Physics Inspired Criterion for Pruning-Quantization Joint Learning
Weiying Xie, Xiaoyi Fan, Xin Zhang, Yunsong Li, Jie Lei, Leyuan Fang
TL;DR
This work tackles the challenge of deploying CNNs on resource-constrained devices by proposing PIC-PQ, a physics-inspired criterion for pruning-quantization joint learning.
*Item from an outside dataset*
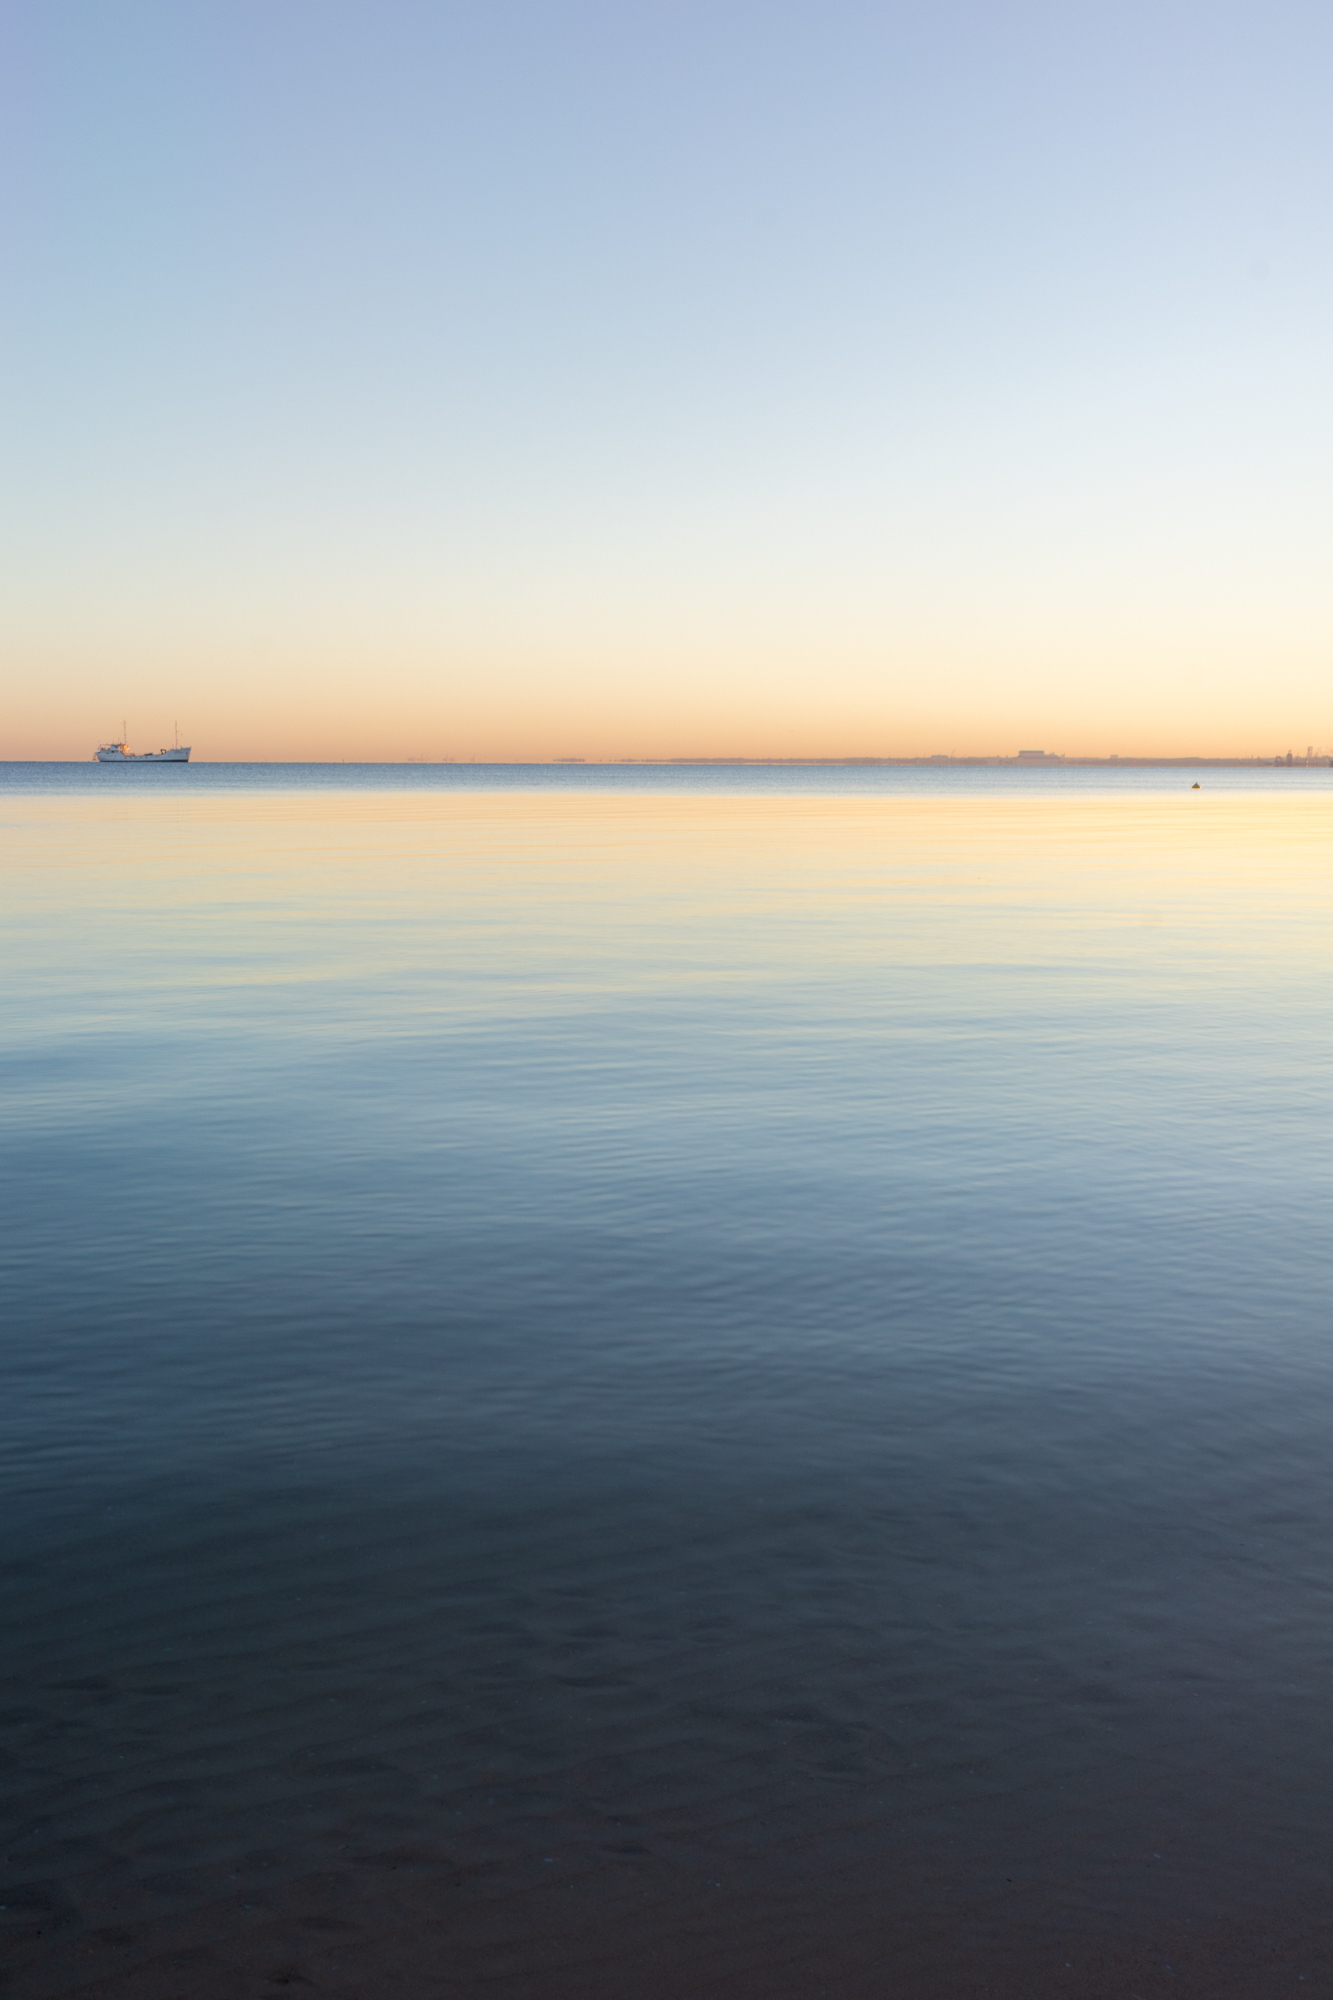 Auto-generated description: A calm sea under a gradient sunrise sky with a distant ship on the horizon.
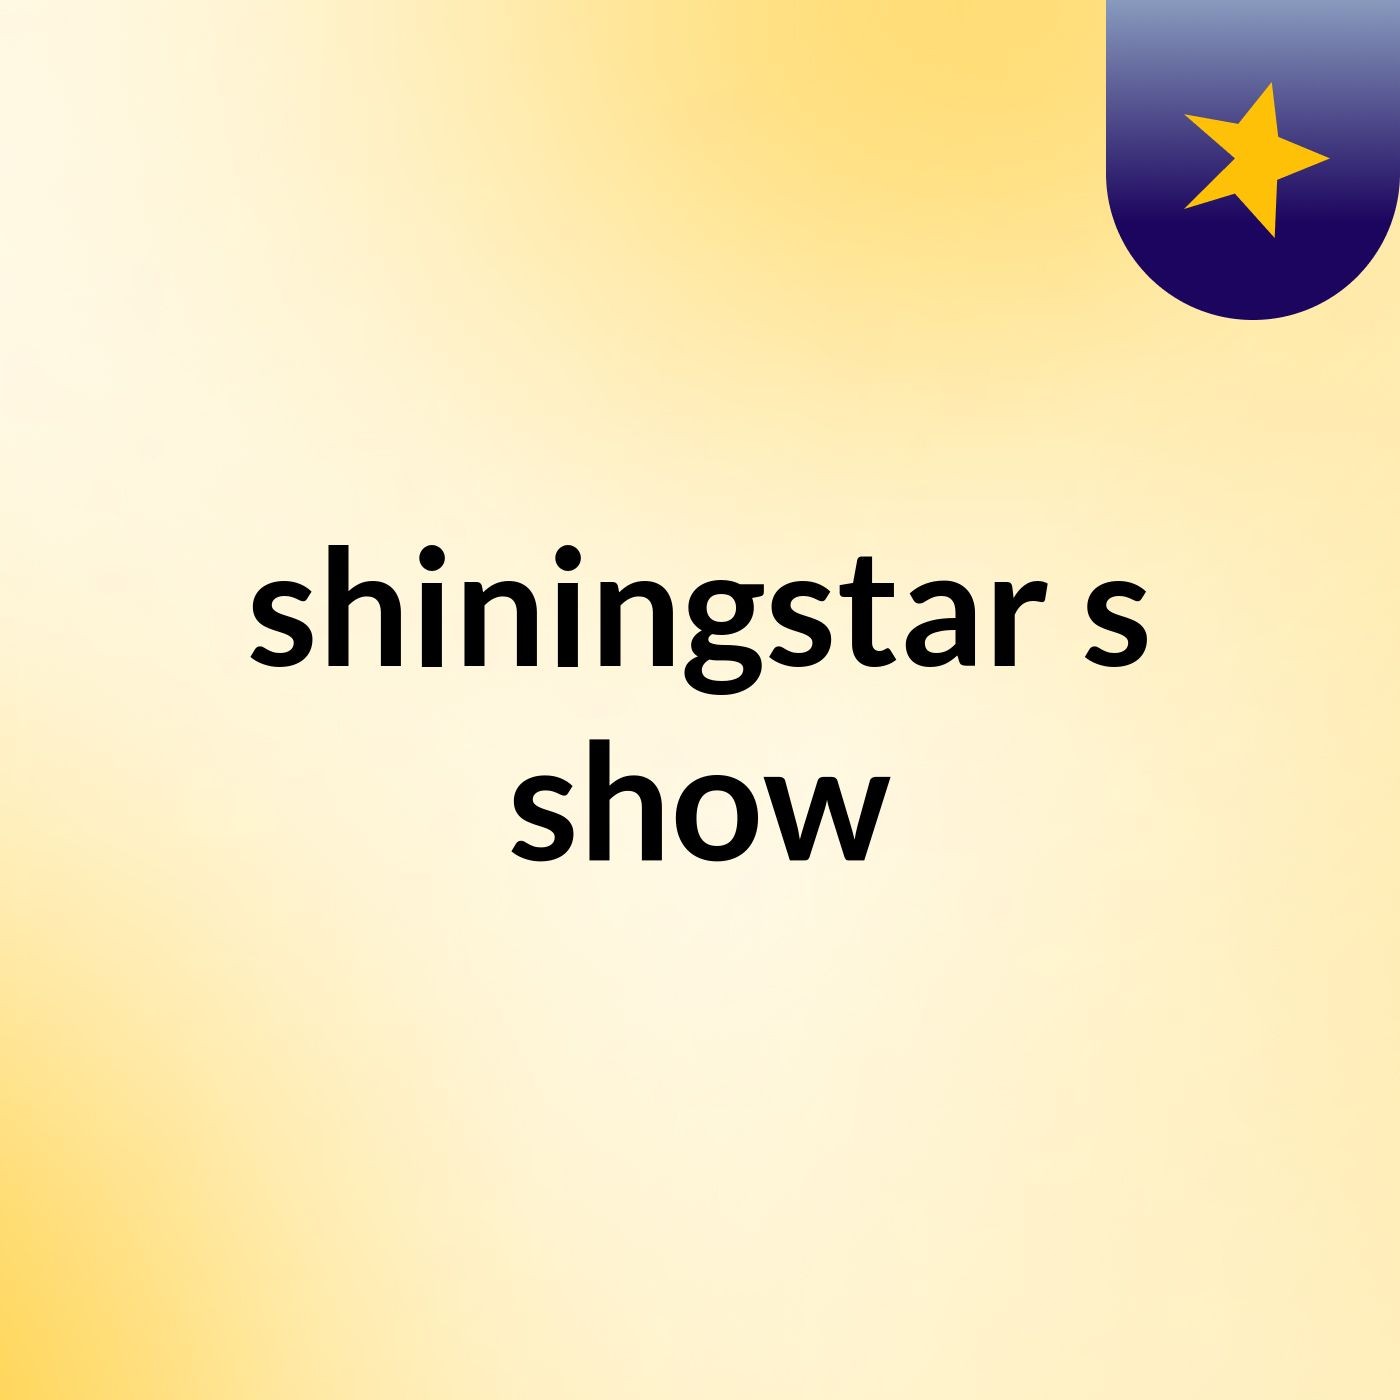 shiningstar's show

By drawing an analogy to elasticity dynamics, it defines a global filter importance through the relation $I_{i}^{l(i)} = a_{l(i)} \cdot FP(\boldsymbol{\Theta_{i}^{l(i)}}) + b_{l(i)}$ with $FP(\boldsymbol{\Theta_{i}^{l(i)}}) = R(\mathbf{o}_{i}^{l(i)}(D))$, enabling cross-layer ranking via a learned shift $b_{l(i)}$ and a module-internal deformation scale $a_{l(i)}$. The method derives a theoretically grounded objective and computes automatic per-layer bitwidths using layer sparsity and a hardware-aware penalty, solved efficiently with a Regularized Evolutionary Algorithm. Empirically, PIC-PQ delivers substantial BOPs reductions (e.g., up to ~54× on CIFAR10 with minimal accuracy loss and ~53× on ImageNet) while maintaining competitive or superior accuracy versus state-of-the-art methods, indicating strong potential for practical, interpretable model compression. The approach thus offers a principled, hardware-conscious path to jointly prune and quantize networks with interpretable global rankings and automatic bitwidth allocation.
Abstract
Pruning-quantization joint learning always facilitates the deployment of deep neural networks (DNNs) on resource-constrained edge devices. However, most existing methods do not jointly learn a global criterion for pruning and quantization in an interpretable way. In this paper, we propose a novel physics inspired criterion for pruning-quantization joint learning (PIC-PQ), which is explored from an analogy we first draw between elasticity dynamics (ED) and model compression (MC). Specifically, derived from Hooke's law in ED, we establish a linear relationship between the filters' importance distribution and the filter property (FP) by a learnable deformation scale in the physics inspired criterion (PIC). Furthermore, we extend PIC with a relative shift variable for a global view. To ensure feasibility and flexibility, available maximum bitwidth and penalty factor are introduced in quantization bitwidth assignment. Experiments on benchmarks of image classification demonstrate that PIC-PQ yields a good trade-off between accuracy and bit-operations (BOPs) compression ratio e.g., 54.96X BOPs compression ratio in ResNet56 on CIFAR10 with 0.10% accuracy drop and 53.24X in ResNet18 on ImageNet with 0.61% accuracy drop). The code will be available at https://github.com/fanxxxxyi/PIC-PQ.